PepsiCo Inc., the world’s second-largest soft-drink maker, raised $4.25 billion on Jan. 11 to help finance its $7.8 billion purchase of two bottling companies. Williams Partners LP sold $3.5 billion of bonds this week to finance the purchase of gas pipeline assets from parent Williams Cos.
Business Investment
Business investment in the U.S. is rising, jumping 8.2 percent in the fourth quarter, the biggest increase in 14 years and the first in more than two as factories cranked up assembly lines and companies invested more in equipment and software, according to Federal Reserve data. Gross domestic product expanded 5.7 percent, the best performance since the three months ended September 2003.
Efforts to rebuild depleted inventories contributed 3.4 percentage points to GDP, the most in two decades. Payrolls probably rose by 15,000 last month, according to the median forecast of 50 economists surveyed by Bloomberg News before the Labor Department’s report today.
“Signs that companies are rebuilding inventories would be a major signal of an upturn on the way,” said Toby Nangle, director of asset allocation at Baring Investment Services Ltd. in London.
Risk Rising
Credit derivatives traders are not as bullish on the economic outlook. Benchmark gauges of bond risk in North America and Europe jumped yesterday on concern debt strains in Greece, Portugal and Spain may spread into markets for corporate borrowing.
“If you want to point to the one thing in the market that has people on edge, it’s definitely sovereign risk,” said Jason Quinn, co-head of high-grade and high-yield flow trading at Barclays Capital in New York. “The level of uncertainty surrounding the sovereign situation continues to increase. It feels like it’s moving faster than people expected, so risk in general is repricing.”

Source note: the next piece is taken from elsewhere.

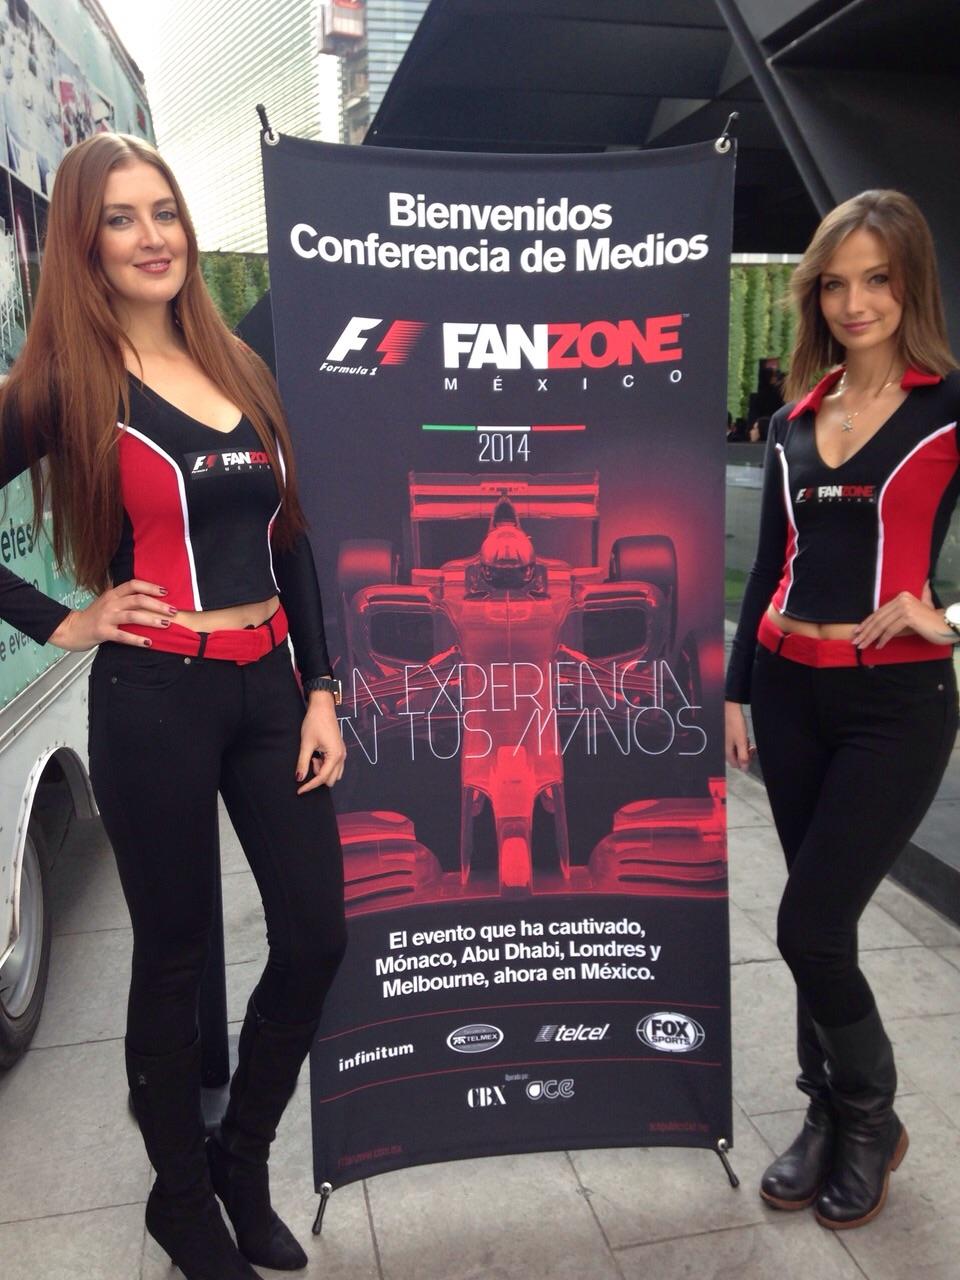 F1 FANZONE MEXICO ACE PUBLICIDAD

The Markit CDX North America Investment-Grade Index, which banks and money managers use to speculate on creditworthiness or to hedge against losses, climbed the most in four months, jumping 7.25 basis points to 99.5 basis points in New York, according to broker Phoenix Partners Group. The index, which typically rises as debt-market confidence deteriorates, was last at that level on Dec. 4, CMA DataVision prices show.
London Swaps
In London, the Markit iTraxx Europe of 125 companies with investment-grade ratings rose 5 basis points to 86.5 basis points, the highest since Nov. 30, JPMorgan Chase & Co. prices show. The Markit iTraxx SovX Western Europe Index of credit- default swaps on the debt of 15 governments rose 13 basis points to 107 basis points, according to CMA. A swaps index tied to Western European government debt traded at the highest since it was introduced in September.
Credit-default swaps are derivatives -- contracts with values derived from assets or events, including stocks, bonds, commodities, currencies, interest rates or the weather. Banks, hedge funds and insurance companies use the swaps to insure bonds and loans against default or to speculate on the creditworthiness of countries and companies.
A basis point on a credit-default swap contract protecting $10 million of debt from default for five years is equivalent to $1,000 a year.
Lloyds Banking Group issued notes in dollars, euros and pounds from its Permanent Master Issuer 2010-1 on Jan. 29. The $1 billion of bonds, the first European mortgage-backed securities denominated in the U.S. currency sold since July 2007, are quoted at 99.90 percent of face value, Bank of America bid prices show.
“This doesn’t send a positive message to dollar-based asset managers that were starting to return to European markets after three years away,” said Shammi Malik, head of asset- backed securities trading at London-based broker Brains Inc. “It demonstrates that the recovery of the securitization market is still very fragile.”